MMJ Safety First Town Hall Recap

SPJ addresses the safety of solo-tv-reporters on the job

The Society of Professional Journalists’ “MMJ Safety First Town Hall” on Jan 29 was a mix of nuts-and-bolts advice for MMJs braving the field and examining much more significant issues of balancing safety with getting the job done, fostering trust, communication, and compromise.

The Zoom gathering organized by SPJ National and the SPJ Georgia Pro Chapter brought together nearly 130 MMJs, reporters, producers, TV news directors, and photojournalists. The conversation sprang from the case of Tori Yorgey, an MMJ hit by a vehicle while doing a nightside live shot for WSAZ-TV in Charleston, WV. 

“This has gone beyond what happened to her. It’s now part of a bigger discussion,” said moderator and SPJ National President Rebecca Aguilar, a former television reporter. She said her phone had blown up with texts and e-mails from MMJs since Yorgey’s incident.

Aguilar said the town hall discussion aimed to find suggestions to help improve the working conditions of a solo-tv-reporter.

“For the record, I did hear from many MMJs. They love their jobs; they love their stations; they love their managers. They’re respected, they’re heard.” Aguilar told the town hall audience that she also heard from twice as many MMJ’s “who are miserable and feel like puppets without a voice.”

One recommendation panelists had to help MMJs, was to work on building trust and mutual respect between them, news producers, and news managers.

Drew Shenkman, assistant general counsel for CNN, talked about his news organization’s culture of safety and trust and good practices any newsroom can apply whether they send out MMJs or bigger news crews. 

“No-one goes (on a potentially dangerous assignment) unless they want to. That’s a universal rule for us that is imparted at every level of the organization.” Shenkman said no one is retaliated against for turning down an assignment. 

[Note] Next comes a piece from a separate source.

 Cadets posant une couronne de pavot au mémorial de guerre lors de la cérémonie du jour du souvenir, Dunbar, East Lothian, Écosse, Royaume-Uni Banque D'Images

KATV Little Rock News Director Amy Sullivan concentrates on building trust and respect by having the producers go out with MMJs on a story. “It’s so they understand what’s being expected of MMJs. So when they have those unreasonable asks, they understand that when an MMJ says ‘I can’t do this,’ they don’t necessarily have to question their integrity.”

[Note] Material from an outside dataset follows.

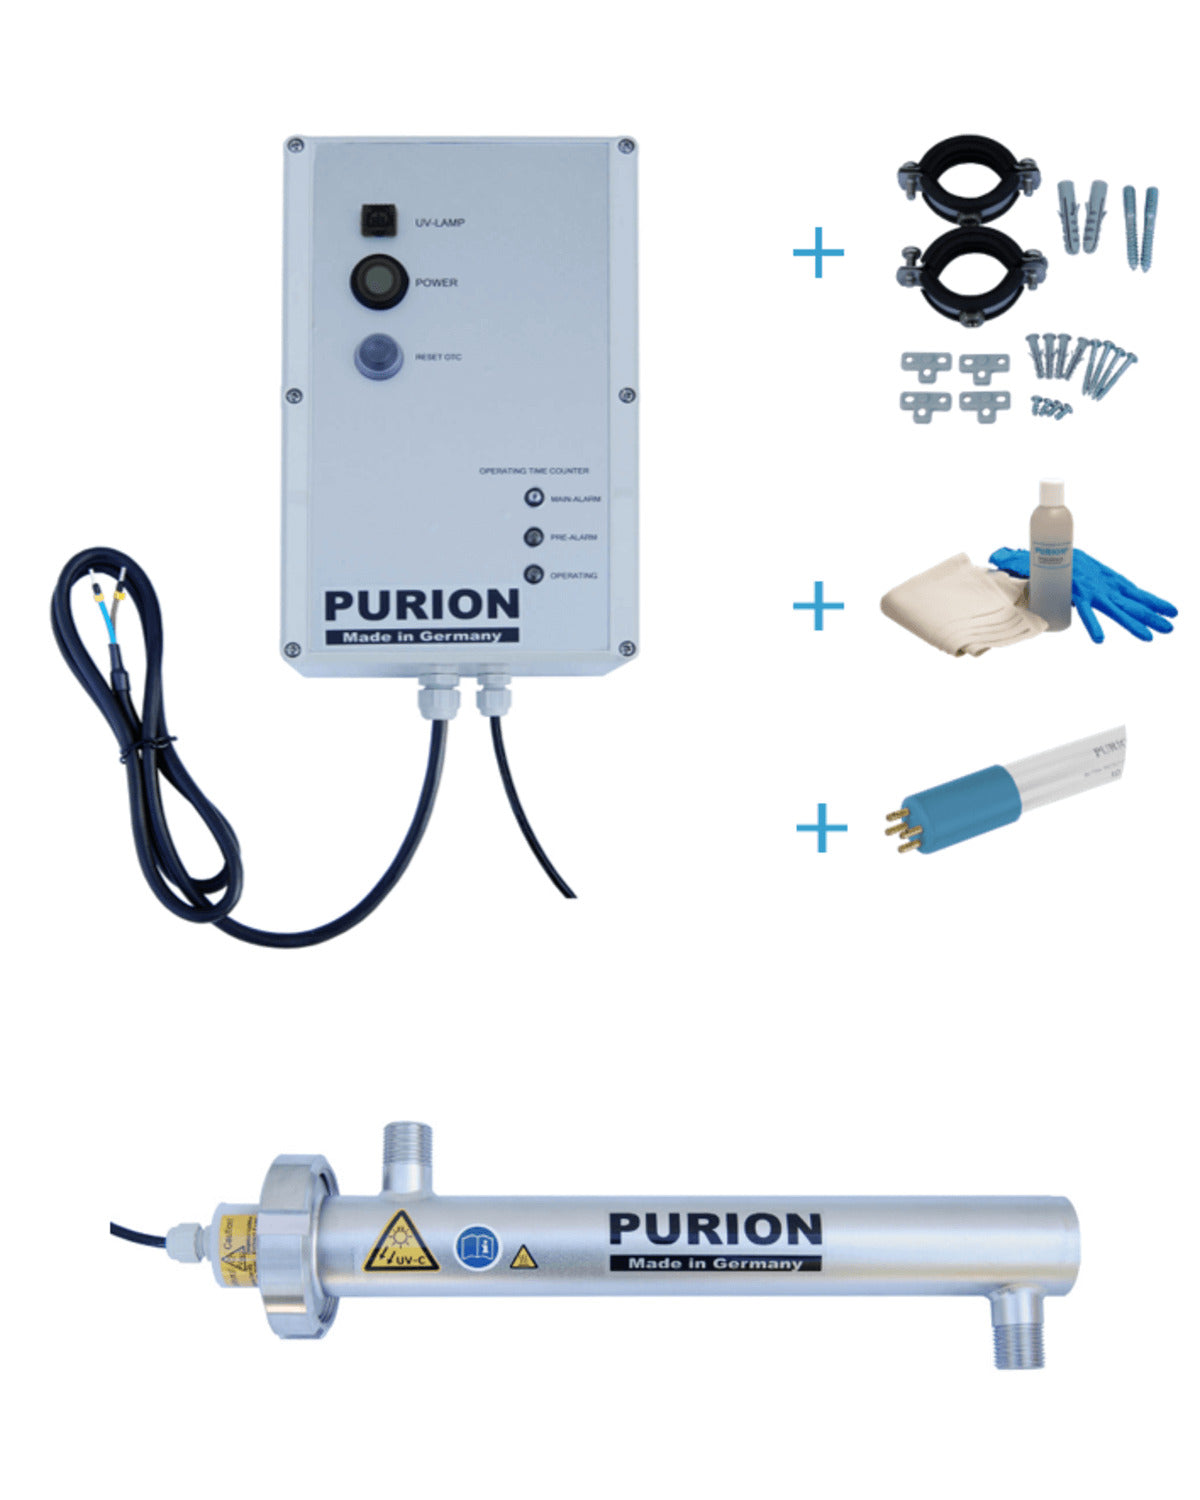 Das von der PURION GmbH entwickelte PURION 500 OTC Bundle ist eine autarke Desinfektionsanlage und Trinkwasseraufbereitung, die sauberes Trinkwasser für einen autonomen Lebensstil gewährleistet.

Sullivan said there’s always an advantage when MMJs and producers learn to listen, trust and compromise. “There’s less push back… there’s more of a collaborative effort, like ‘OK ‘can you move to a different location or shoot it from your vehicle” offering a different solution that could keep someone safe.” 

Human Resources consultant Sherry Darden applauded Sullivan’s cross-training that she believes helps employees understand each other. “It’s hard to trust on either end when you don’t know what the other person is going through,” added Darden. 

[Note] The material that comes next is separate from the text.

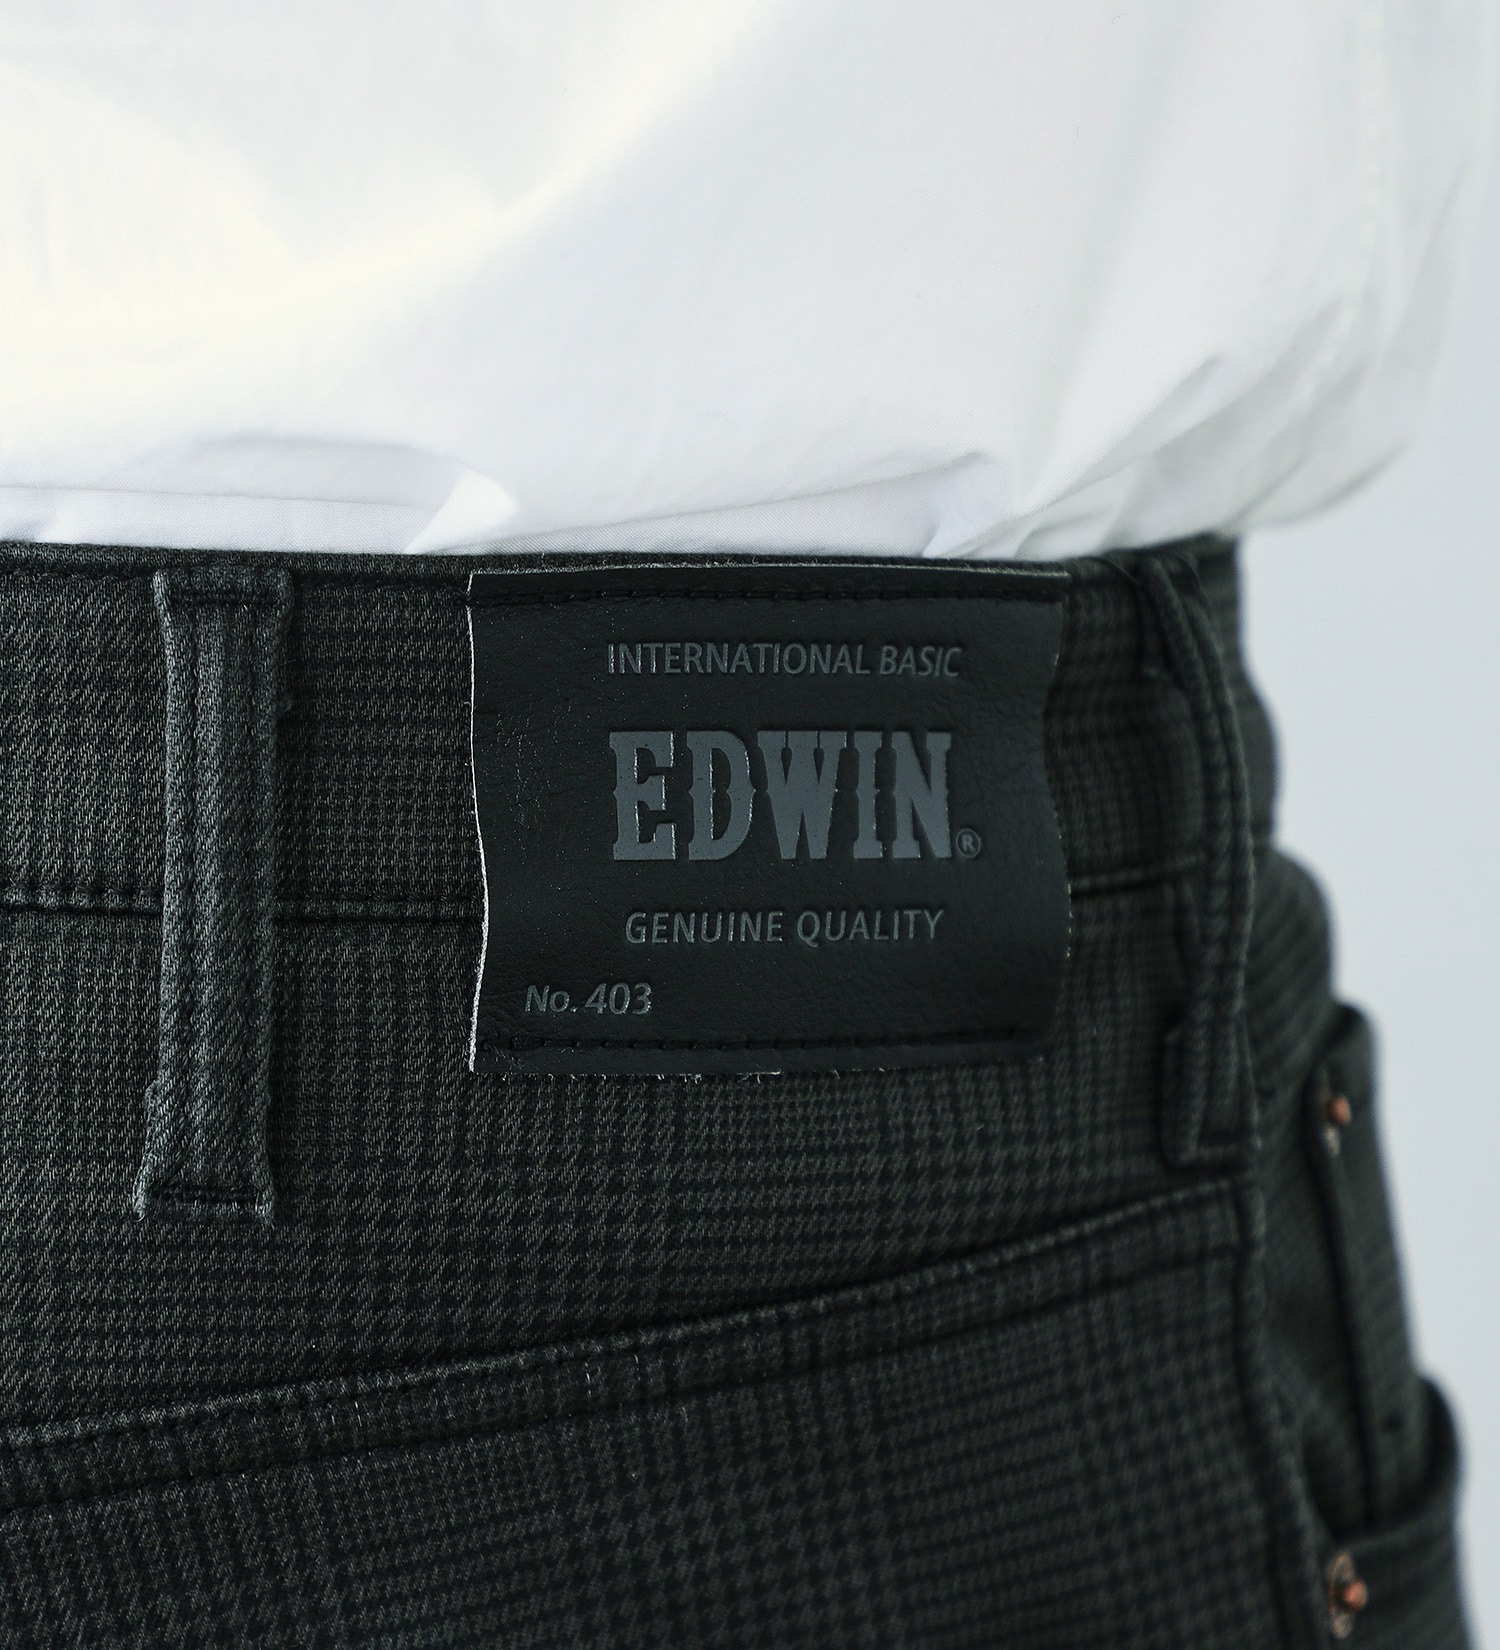 EDWIN(エドウイン)の【先行SALE】【大きいサイズ】2層で暖かい EDWIN インターナショナルベーシック レギュラーストレートパンツ403 WILD FIRE 2層ボンディング構造 【暖】|パンツ/パンツ/メンズ|チェック

Shamarria Morrison is a reporter and MMJ at WCNC-TV in Charlotte, North Carolina. She recommended solo-tv-reporters advocate for themselves,  particularly in cases where news managers have not established a firm culture of trust and safety. “I think as MMJ’s, we have to put a line on what we will and will not tolerate, and I think that is OK to do.”

Morrison makes sure news directors know what type of MMJ they are getting when they hire her because she makes it known her safety comes first, and there are lines she will not cross. “I deserve to be heard,” said Morrison

Darden also recommended taking a proactive approach when interviewing with a television station. “Ask hypotheticals,” she said. “If I’m going out to do a live shot and it’s 3 a.m., and I’ve already had experience with that neighborhood, and I don’t feel it’s safe, how would you handle that?” If management does not have a good answer, that’s a sign that points towards moving on. 

She also has advice you’ve probably heard before, but bears repeating, “Document, document, document” and give your employment contract a thorough read before you sign it. 

Another issue that management needs to consider is exposing the station to potential litigation and fines when an MMJ is hurt, “When someone gets injured on the job, there’s a financial cost,” noted photojournalist and NPPA media safety educator Chris Post. He said it’s crucial to educate MMJ’s about healthy situational awareness and to provide safety training.

Shenkman is an attorney that CNN crews can call when they need legal advice in the field. He said news managers and producers must listen to a reporter when they feel they are in danger at their location. “Being empathetic to that person on the other side of the IFB is critical in understanding what they need at that moment, because what you need, a really good shot of a fire, is not necessarily what that person needs at that moment.” 

Morrison is at her second TV station as an MMJ, and she believes every solo-tv-reporter needs to take control of their life. ” And at the end of the day, you don’t want to be at a station that doesn’t respect your safety,” said Morrison.

Aguilar wrapped up the town hall by promising the MMJ discussion will continue with a future town hall planned along with the SPJ Georgia chapter. “We need to improve the system and not lose any more great storytellers,” said Aguilar. “Because in the end, who loses out? The public.”